A tunnel with mirror rings (layers) inserted one after another. These rings are non-uniform and form the surface of the tunnel. At the end of the tunnel, there is a space for the beads.

At the initial stage, developers determine the number of rings, their diameter, and the order of their placement inside the tunnel. Initially, the mirror surface of the rings is smooth; they reflect nothing.

The Training Process

Pebbles (data/texts) are put through a “crusher” to extract embedded meanings. After this, these meanings become beads — certain “geometric shapes.” Before falling into the common pile (the lake), the beads, like hail, strike the mirrors of the tunnel and leave their imprint on them. Thus, the mirrors are gradually calibrated to the shape of the beads. One could say that the beads form imprints (rhinestones) on the mirror surface, growing under the flow of meanings like frost crystals.

The crusher is started again and again, feeding the same pebbles as input, but the blades of this crusher are self-sharpening. They become sharper each time, the pattern on the mirrors becomes finer, and the beads in the lake are replaced by more multifaceted ones. In the final stages, the blades become so sharp and precise that they cut away everything superfluous from the beads down to the tiniest dust particles on the first try, leaving only pure facets.
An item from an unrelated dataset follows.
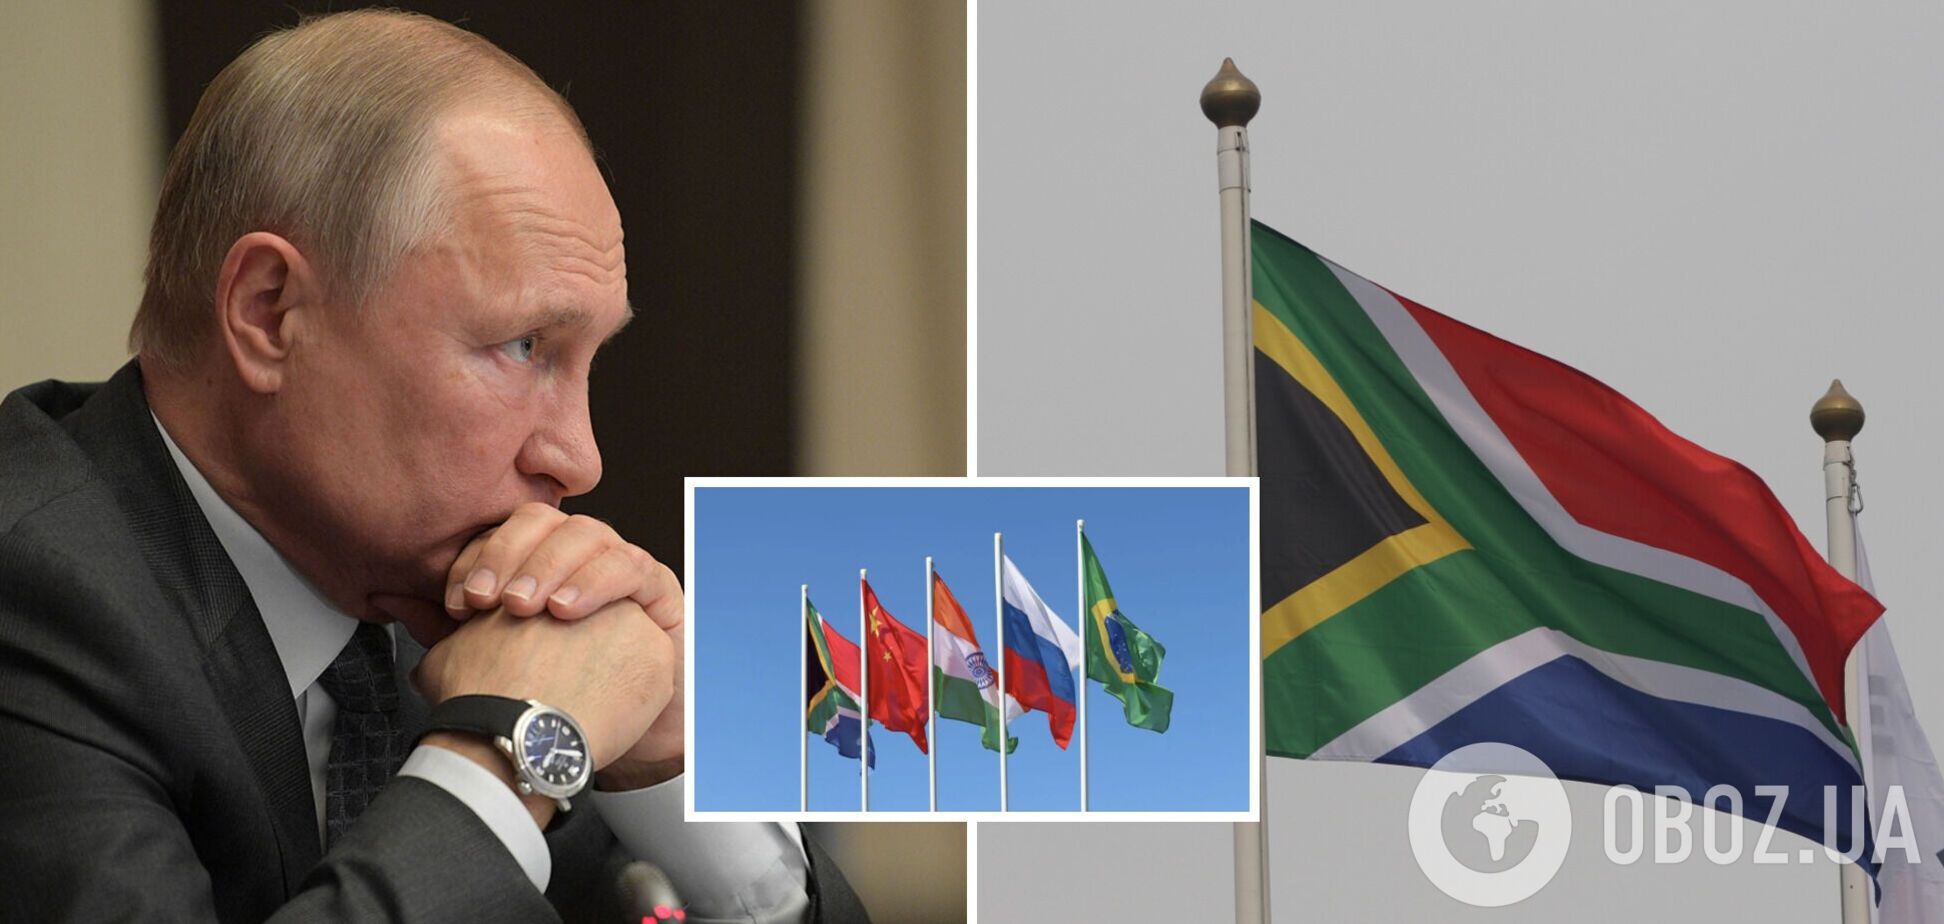 Чтобы Путин мог приехать на саммит БРИКС? Южная Африка собирается выйти из МУС
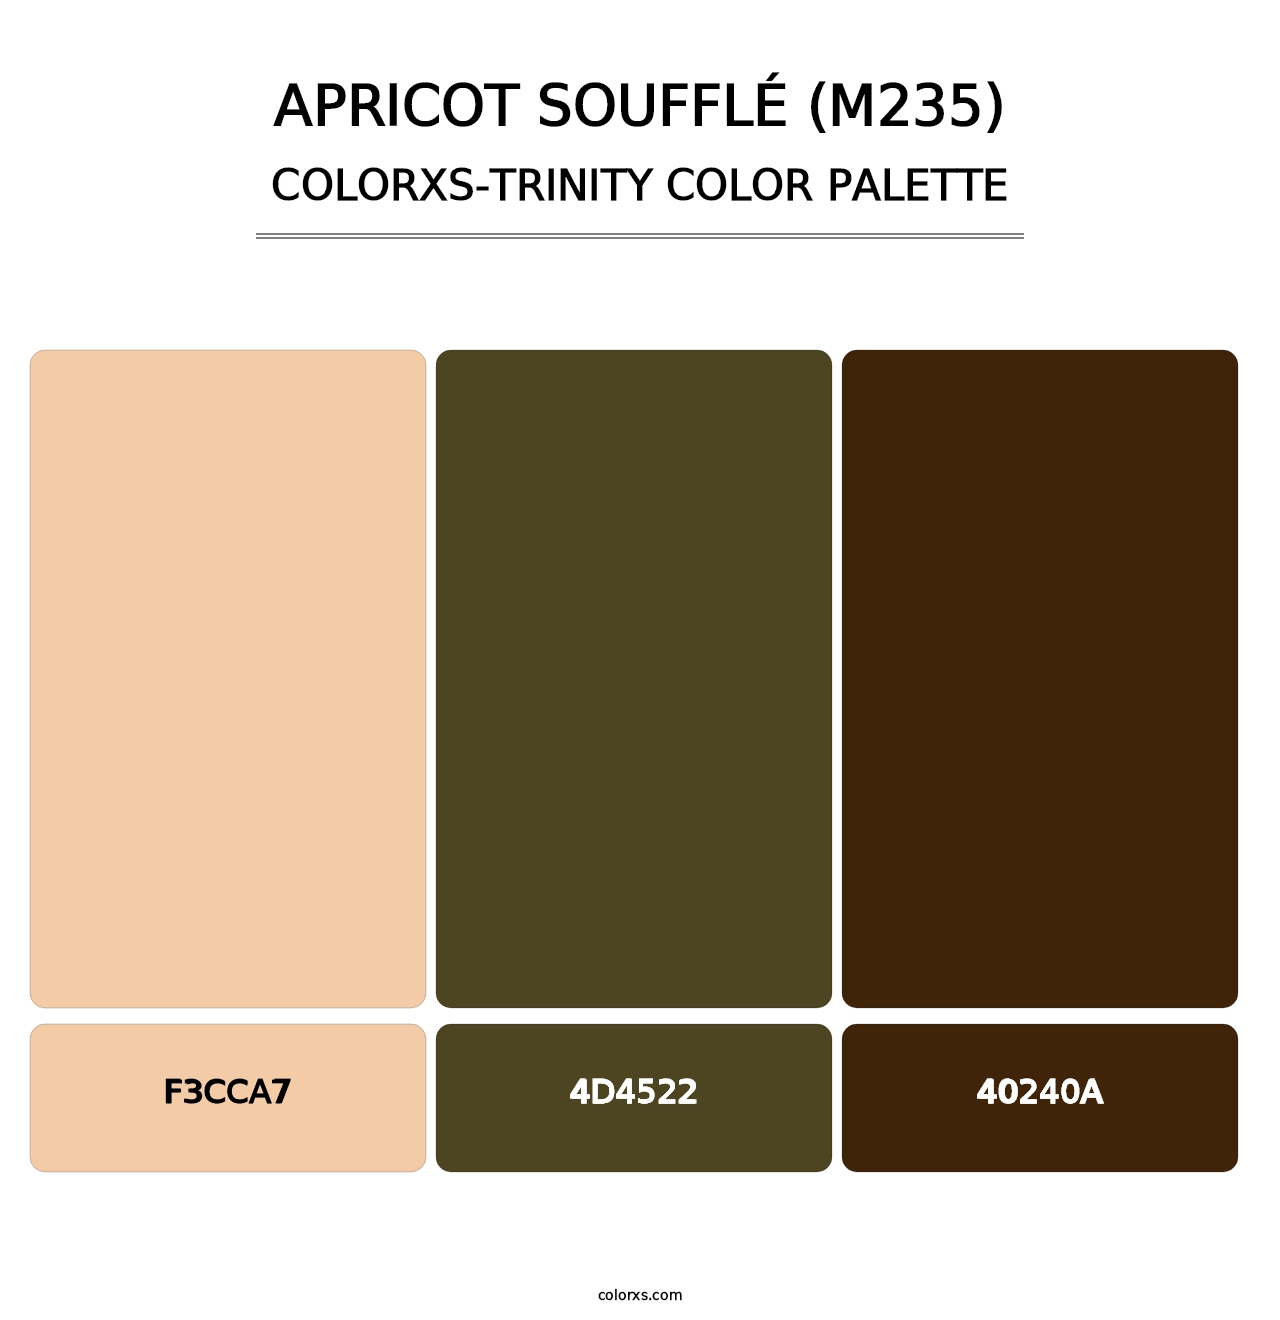 Apricot Soufflé (M235) - Colorxs Trinity Palette

If initially there are more of certain pebbles, for example, red ones, than others (green ones), or if they are larger, then the resulting number of beads will be proportional. This is how a knowledge bias occurs when certain shades begin to dominate in the kaleidoscope’s patterns.

The more pebbles processed through the crusher, the more facets the beads acquire, and the finer the rhinestones on the mirrors become, forming a more complex surface.

When developers see inaccuracies or biases in the answers, they can put concentrated sand (of a green color, for example) through the crusher to balance the shade. They can attach small holographic fragments to the mirrors to slightly change the reflection angles or adjust some rhinestones with a laser.

After training and fine-tuning are complete, the surface of the mirrors and the beads no longer change. They are locked within the model, just like in a kaleidoscope.

From this process, it’s clear that the mirror surface is directly linked to the shape of the beads. Therefore, you cannot take beads from one kaleidoscope and mirrors from another. You cannot simply add new beads, because the old mirrors would be unable to reflect them.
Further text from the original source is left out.